At the base area, (which I forget what it’s actually called, so hence no name) there was this pretty cool spinning map of the world that was bigger than me. I can hear some people saying that wouldn’t be hard – enough of that! Had a look at the world, found Uganda and Murchison Falls and then found home and got an indication of how much ocean you actually had to fly over to get to Africa.

After this, we headed off to find some lunch. We went to Red Chilli Rest Camp for lunch, plenty of tour groups and backpackers there, and lunch was pretty good, although I think the Nile Safari Lodge was much better (but also more expensive). At lunch though, we met some more interesting and very friendly, but wild, guests. Warthogs. Oh wow, they were friendly. Far too friendly for my liking. They were very interested in the food we were eating. I moved to the other end of the table to get away from them and they started to follow – but thankfully took more of an interest in Mike’s food than Shirley’s or mine. They are ugly looking, but those tusks could also make them quite dangerous and I wasn’t too keen on checking out the hospitals in Uganda as a patient!

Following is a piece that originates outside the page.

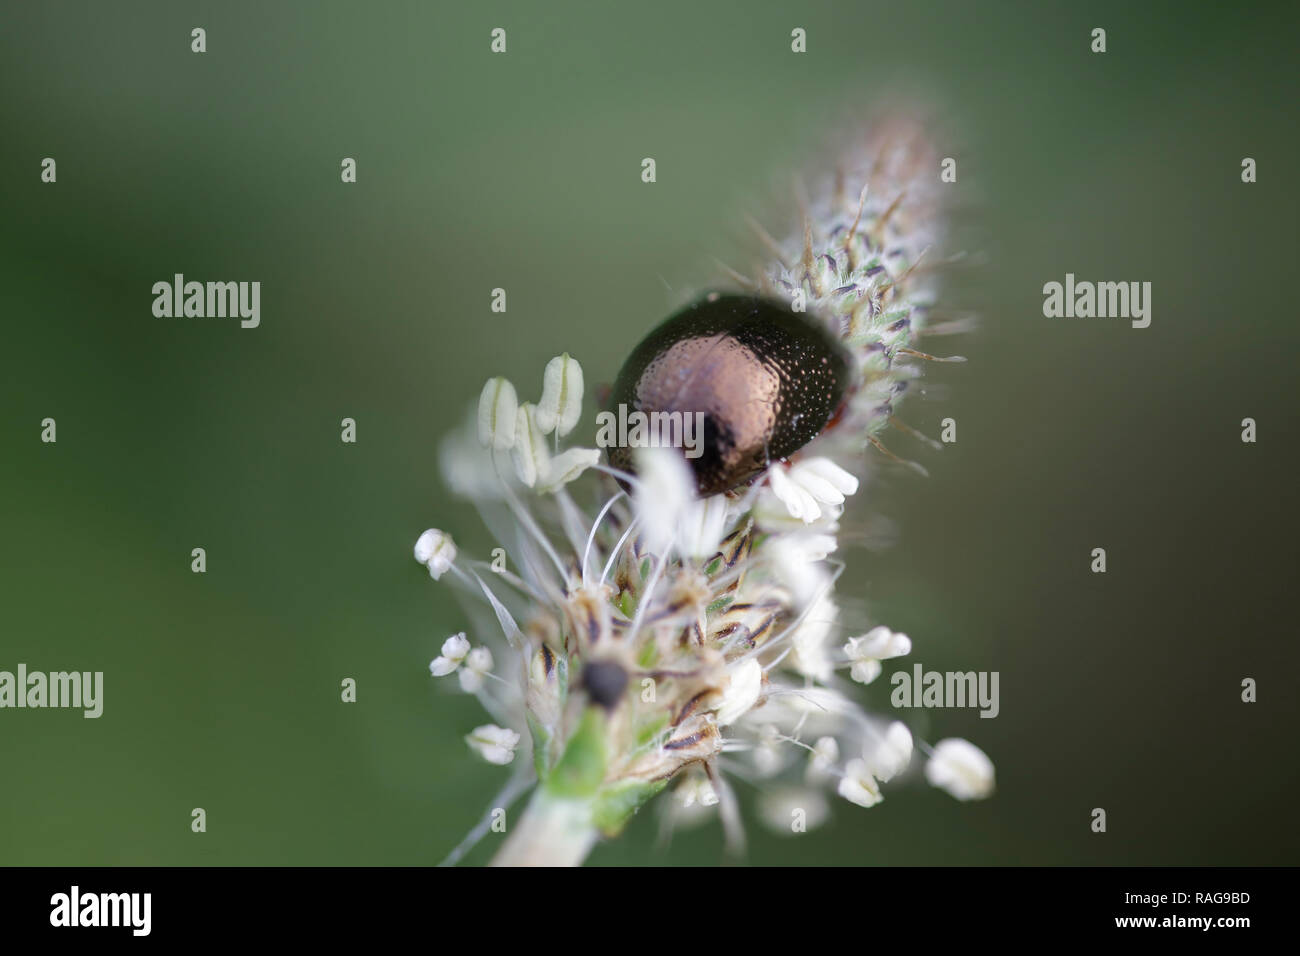 Metallic beetle in a wild flower. Shallow DOF. Stock Photo

After lunch we headed off to the top of Murchison falls. After the disappointment of the view from the base, we were hoping that the top would be far more spectacular. We weren’t disappointed. This would have to be in the top 5 highlights of the trip. The roar from the water is amazing. The nile, with all it’s width – and it is a pretty wide river, is pushed through a 7m wide gap in rocks. I think you’d last about two seconds if you fell in there, the power of the water is just amazing. And if you did happen to survive, the alligators or hippos would get you anyway!

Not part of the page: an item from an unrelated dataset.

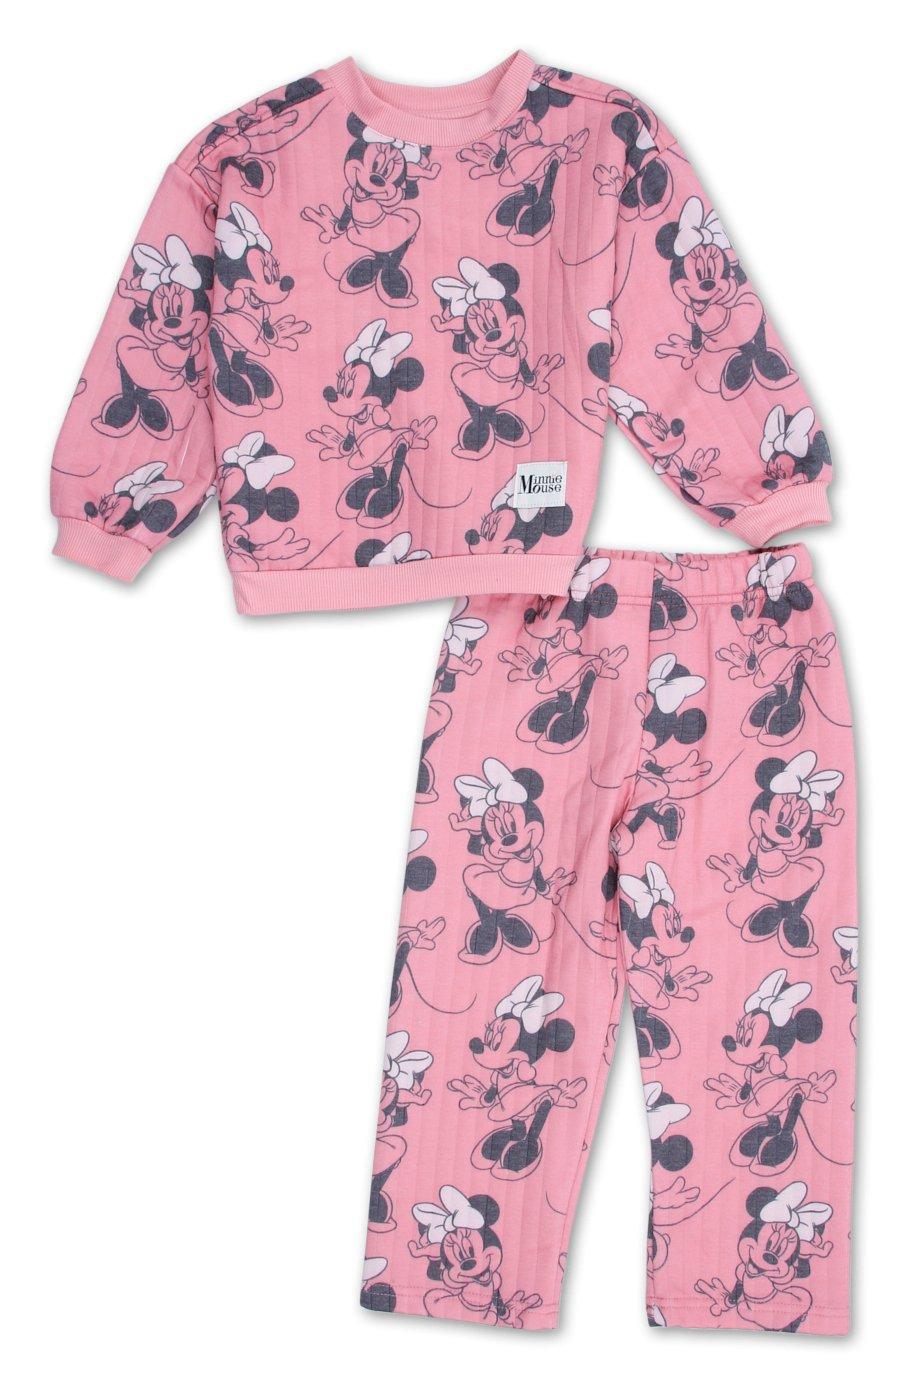 Little Girls 2 Pk Minnie Mouse Pants Set

The falls were just spectacular. I love water and I could sit there for hours just watching it flow and go down through the crack in the rocks. You could view the falls from before the water went over the edge and then after it had flowed through the gap. The spray from the water as, and after, it flowed through the gap left you fairly wet. So powerful. God has created some amazing things and seeing something like this just reminds you how small and how fragile you really are. While I would’ve loved to sit there for ages in the sun, just like the Chameleon was, watching the water flow, listening to the roar and let it refresh and renew me, the weather wasn’t doing us any favours. There was a storm coming in – and storm clouds do make great backdrops for photos – but they normally bring rain with them. Getting wet didn’t matter, I was already a bit damp from the spray, but unfortunately the roads to get into the top of the falls were… mud. So any extra water on them wasn’t really going to be good. Now I do think sometimes we over estimate the effect of rain on roads, especially when you’re in a place that’s strange and you’re the only car in a group. But nevertheless, it started to rain, so we hot footed it out of there, cutting short our time at the top, but leaving it as a “must return” destination.

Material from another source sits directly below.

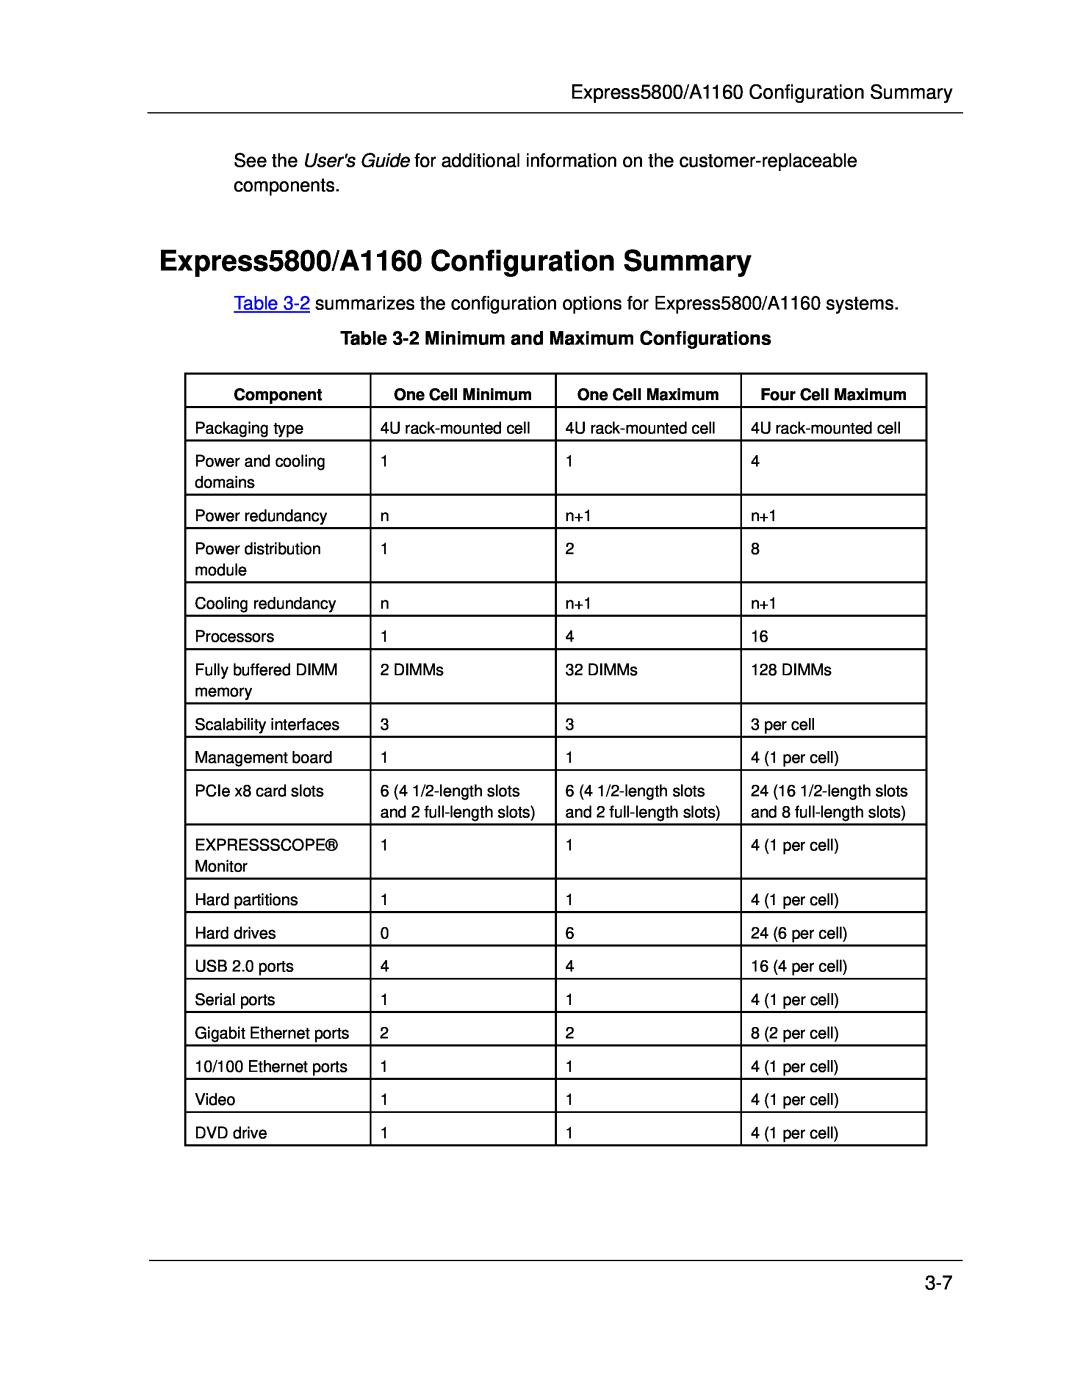 NEC manual Express5800/A1160 Configuration Summary, 2Minimum and Maximum Configurations

Met a few cars coming towards us on the way back, including a taxi, (ie not a 4WD – surprised it had got that far), but then again, taxis go ANYWHERE in Uganda. Anywhere. Wonder if those cars made it out! Saw a few cars that had slidden off the road but I don’t think I grabbed any photos, I was either too busy laughing at them (mostly tourists who’d done something stupid) or wondering if us, in our small little car could help. We decided we couldn’t.